Supreme Court Evaluating Implied Certification in FCA Cases

Supreme Court Evaluating Implied Certification in FCA Cases


On December 4th, the Supreme Court announced it would hear arguments in Universal Health Services, Inc. v. United States ex rel. Escobar, No. 15-7 (U.S. Dec. 4, 2015).  In this somewhat unexpected, yet welcome, move, the Supreme Court announced its attention to address:

  1. The viability of the “implied certification” theory in False Claims Act cases. Implied certification generally means that a party had an ongoing obligation to comply with a law regardless of whether the party submitting the claim made a direct certification of compliance.
  2. And, if the “implied certification” theory is viable, whether a claim can be legally “false” under that theory only if the provider failed to comply with a statute, regulation, or contractual provision that expressly states that compliance with it is a “condition of payment.”  This is a significant step in addressing a split among the Circuits and could dramatically change the landscape of FCA cases. 

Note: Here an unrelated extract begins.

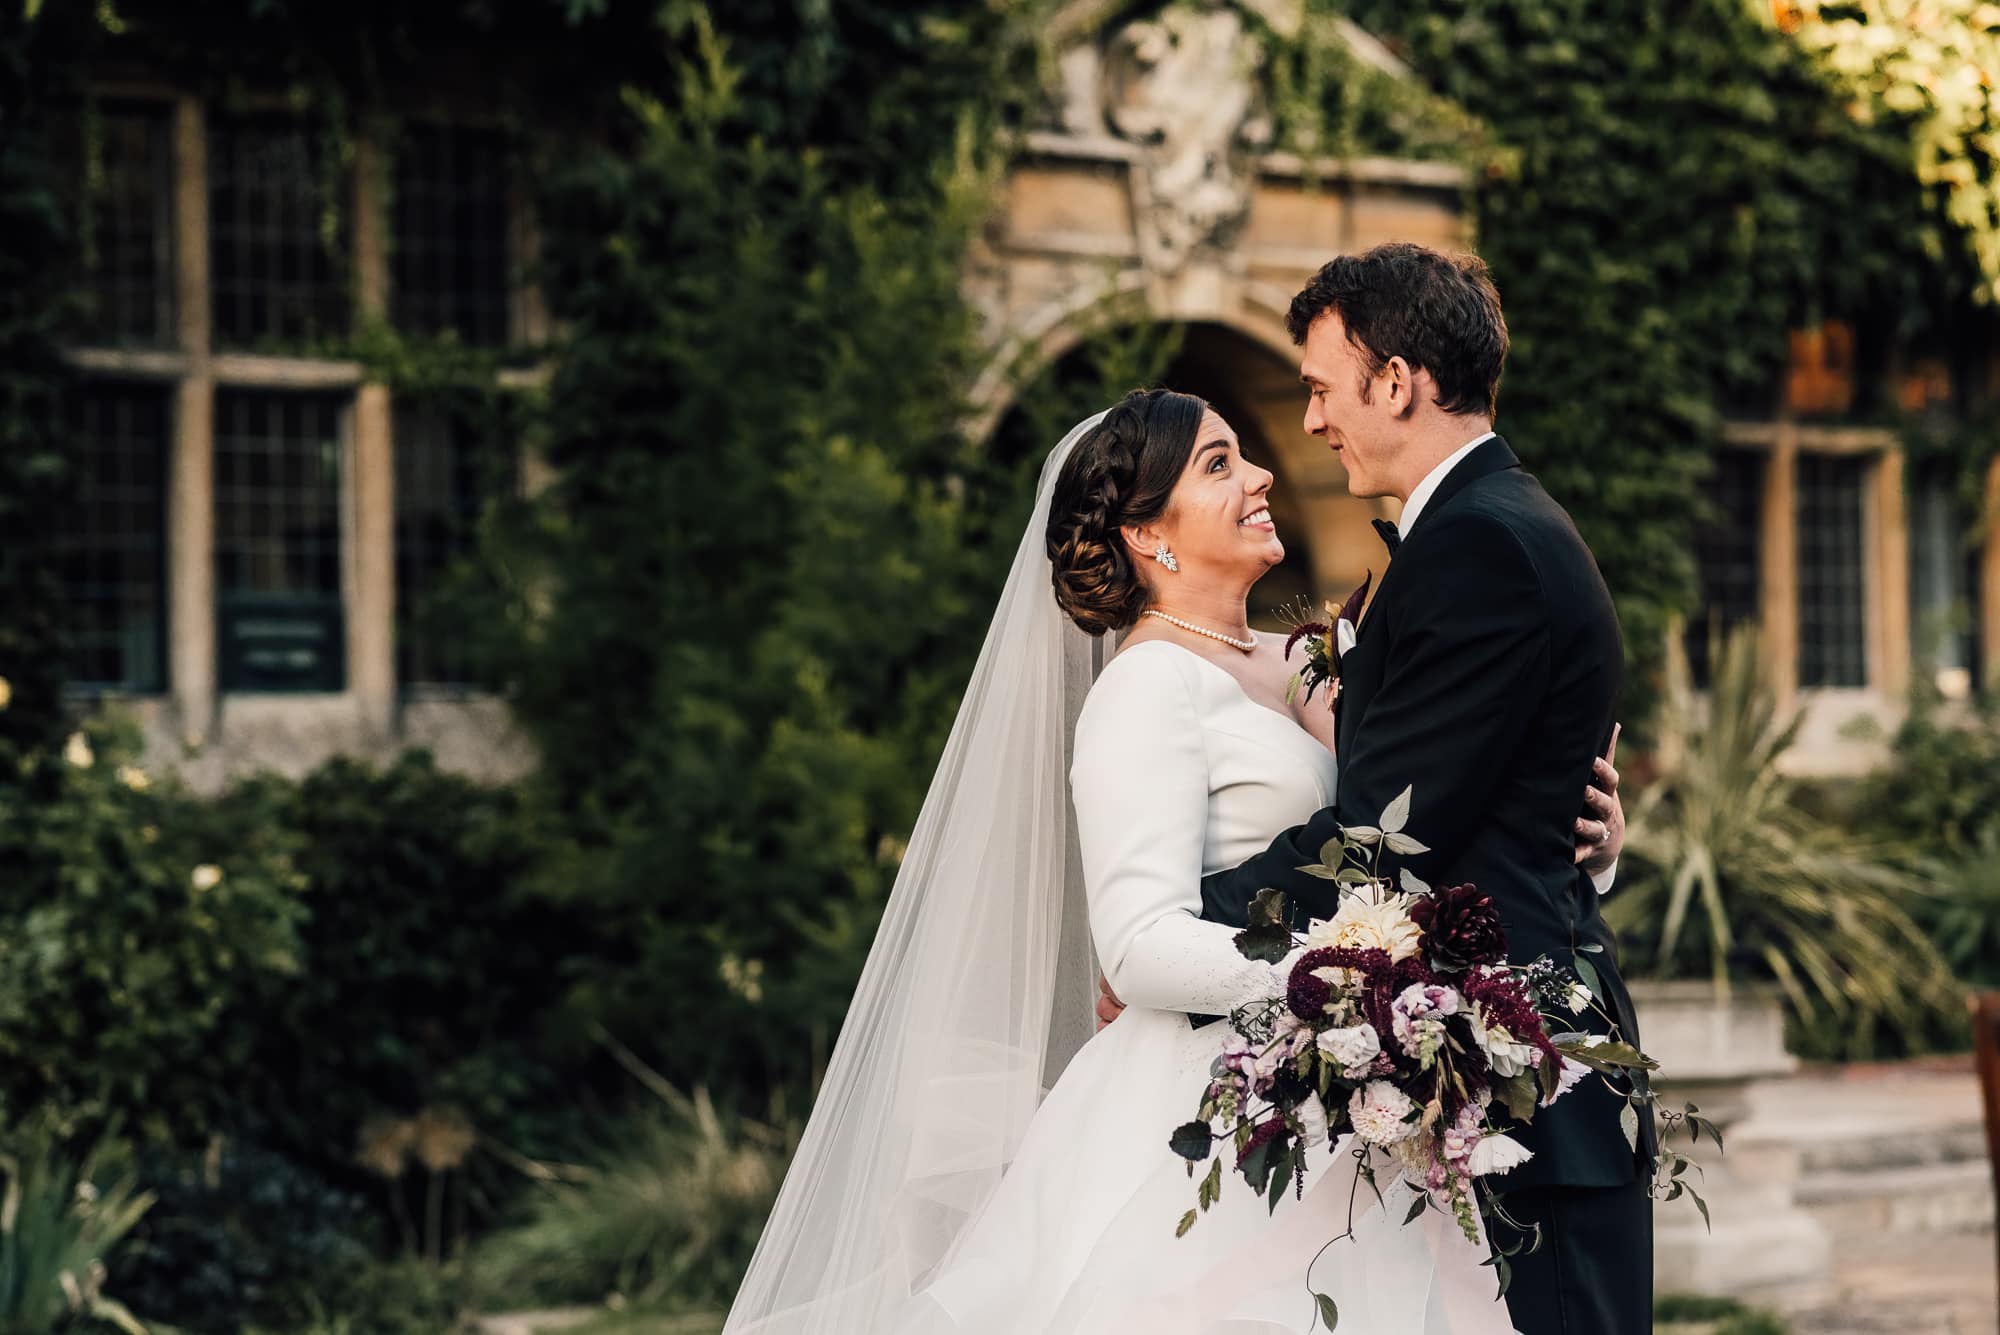 A bride and groom's celebration wedding at Westminster College in Cambridge

Under an implied certification theory, courts, including in the First Circuit, where Escobar originated, have found that a party submitting a claim to the United States -- whether it be a healthcare provider or government contractor -- can be liable for impliedly certifying compliance with billing regulations, contractual provisions and other requirements, “even though a certification of compliance is not required in the process of submitting the claim.” See Ebeid ex rel. United States v. Lungwitz, 616 F.3d 993, 998 (9th Cir. 2010), cert. denied, 131 S.Ct. 801 (2010).  Some courts, including the Sixth Circuit, have limited this theory only to regulations that expressly condition payment on compliance. Others, such as the First and D.C. Circuits have a more expansive interpretation and allowed FCA liability to attach for non-compliance with regulations that don’t expressly condition payment on compliance.  In taking Escobar, the Supreme Court has indicated it will address both of these issues. 

Escobar’s facts are particularly disturbing, and involves the death of the relators’ teenage daughter after being treated at the defendants’ mental health facility.  The district court and the First Circuit both held that for an implied false certification theory to apply the regulation at issue must be a condition of payment for Medicaid reimbursement. Their analysis on what constituted a  “condition of payment” differed, however.  The district court dismissed the action, holding that the Medicaid regulations at issue were not conditions of payment, but rather mere “conditions of participation,” for which FCA liability cannot attach.  The First Circuit disagreed, holding that there was no need to distinguish between a condition of payment and a condition of participation under the FCA, and that the regulations was in fact a condition of payment

While it is impossible to predict how the Court will rule, its recent decision on FCA issues have suggested that it is wary of a unrestricted expansion of FCA liability.  In Allison Engine Co. v. United States ex rel. Sanders, 553 U.S. 662, 672 (2008), the Court expressed significant concern over the FCA becoming an “all-purpose antifraud statute.”  More recently, this year, in Kellogg Brown & Root Services, Inc. v. United States ex rel. Carter, 135 S. Ct. 1970 (2015), the Court rejected an attempt by the Justice Department and relators to use the Wartimes Suspension of Limitations Act to extend the already generous statute of limitations in the FCA.  Both of these decisions suggest a Court that is wary of an unrestrained expansion of liability under the FCA.  This will be a case to watch as the upcoming term unfolds.